START MATERIAL PROVIDED
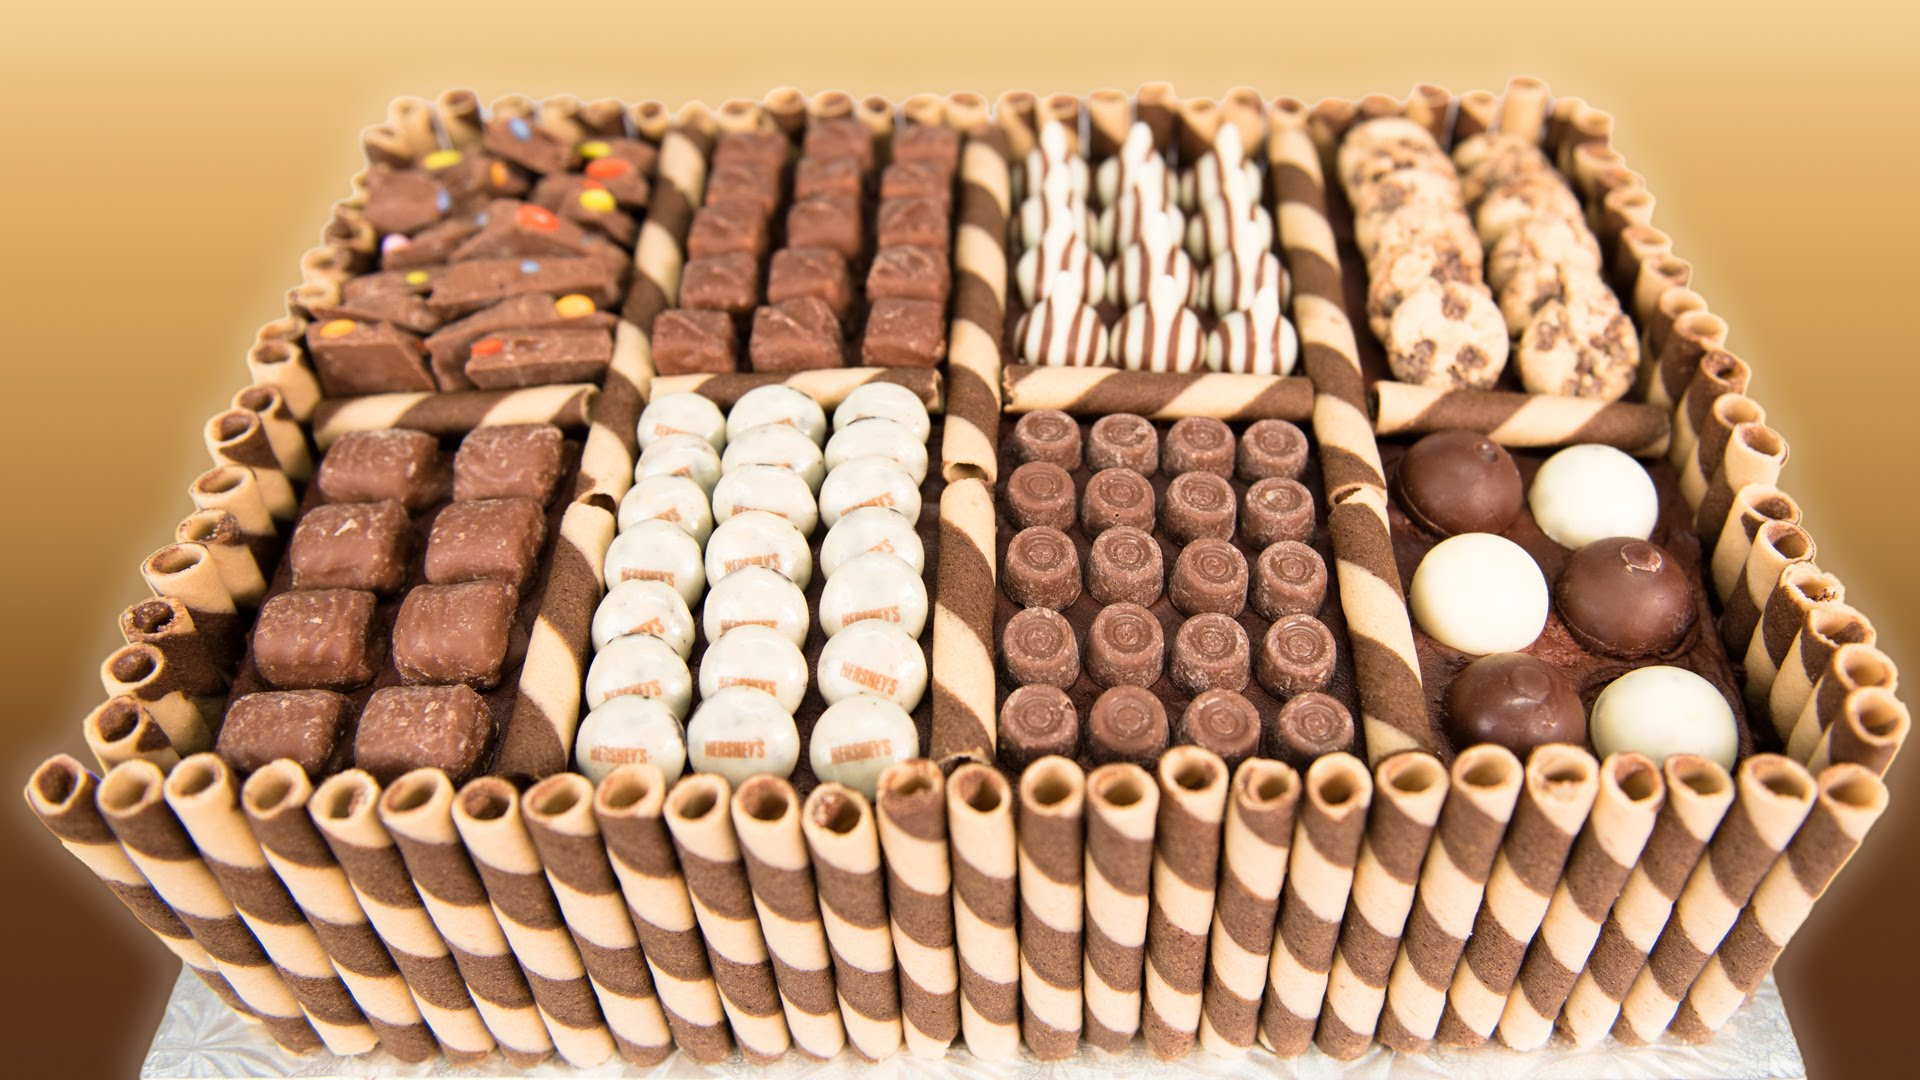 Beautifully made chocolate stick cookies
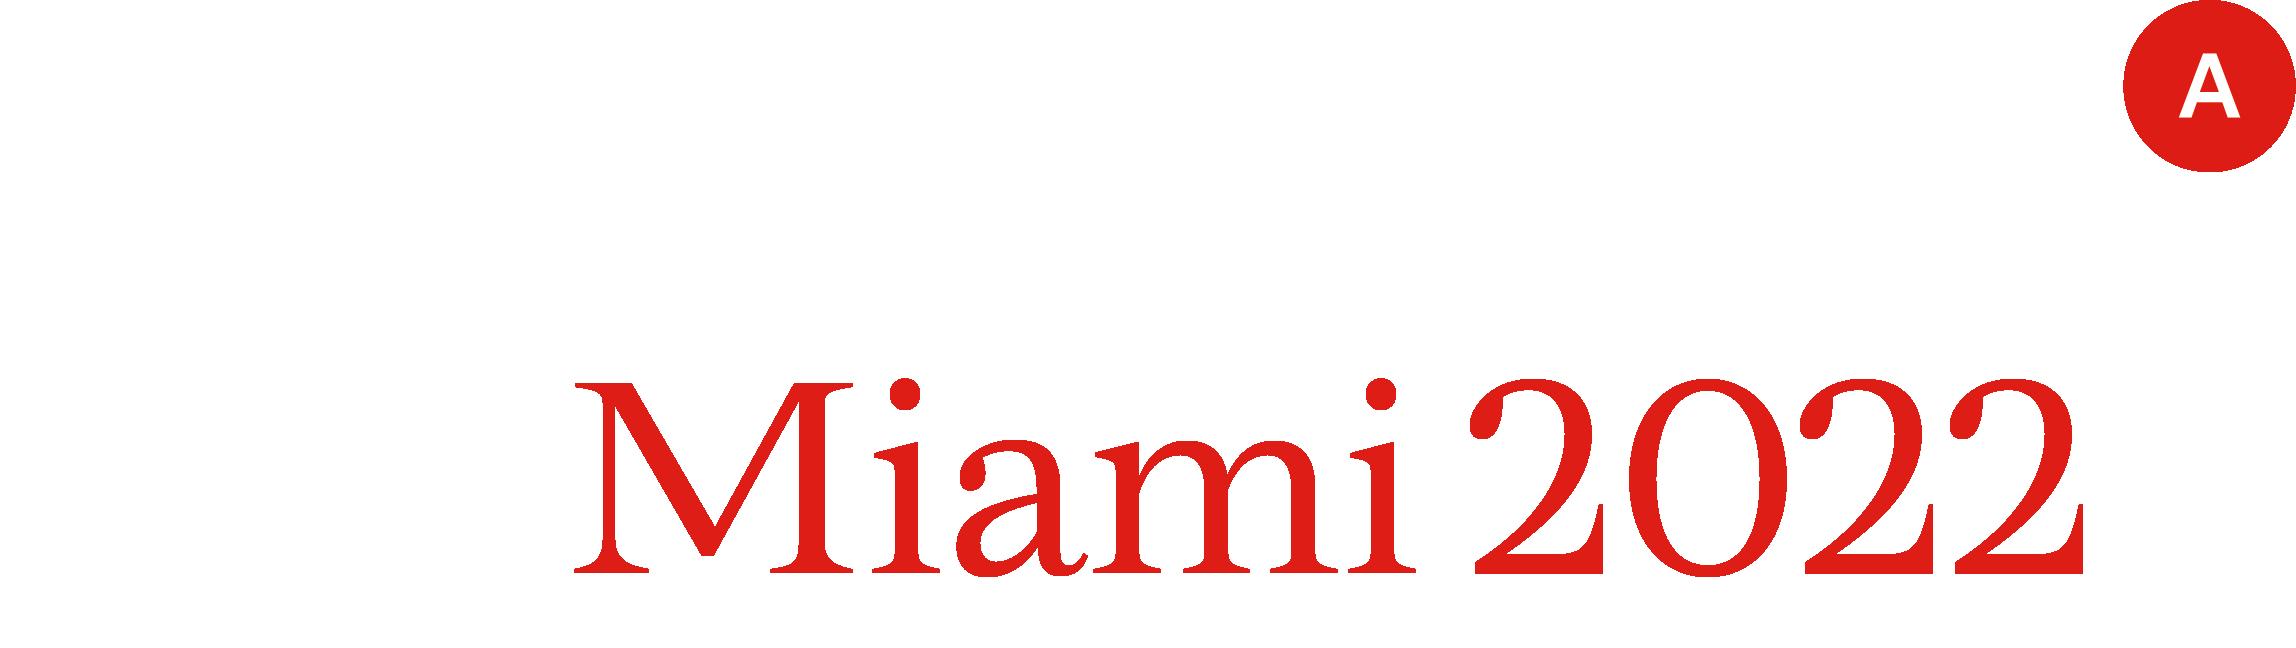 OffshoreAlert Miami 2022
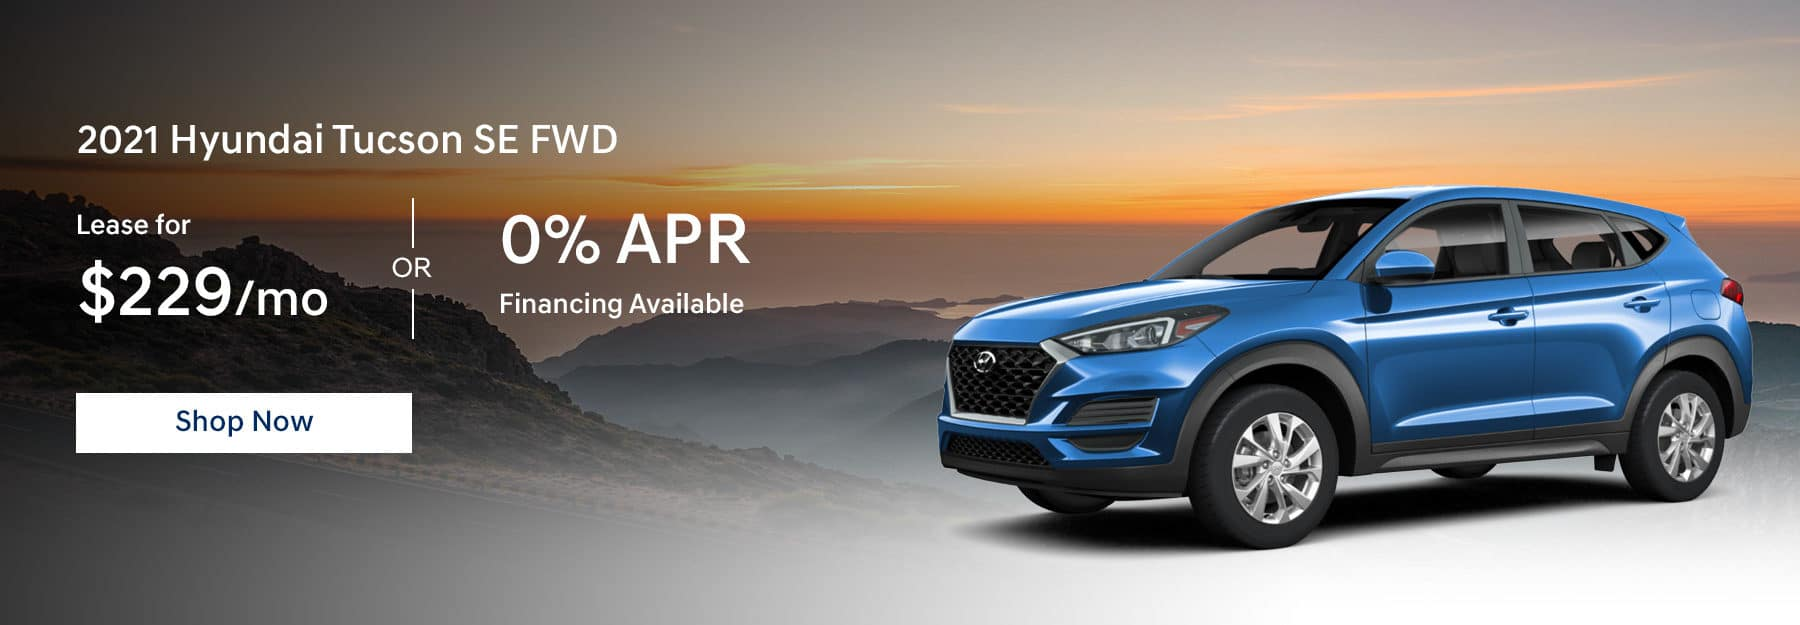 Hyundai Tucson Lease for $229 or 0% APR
END MATERIAL PROVIDED
WHAT THE TASK REQUIRES: Please return the listing above exactly and leave every picture out.

ANSWER AREA:
 Beautifully made chocolate stick cookies
 OffshoreAlert Miami 2022
 Hyundai Tucson Lease for $229 or 0% APR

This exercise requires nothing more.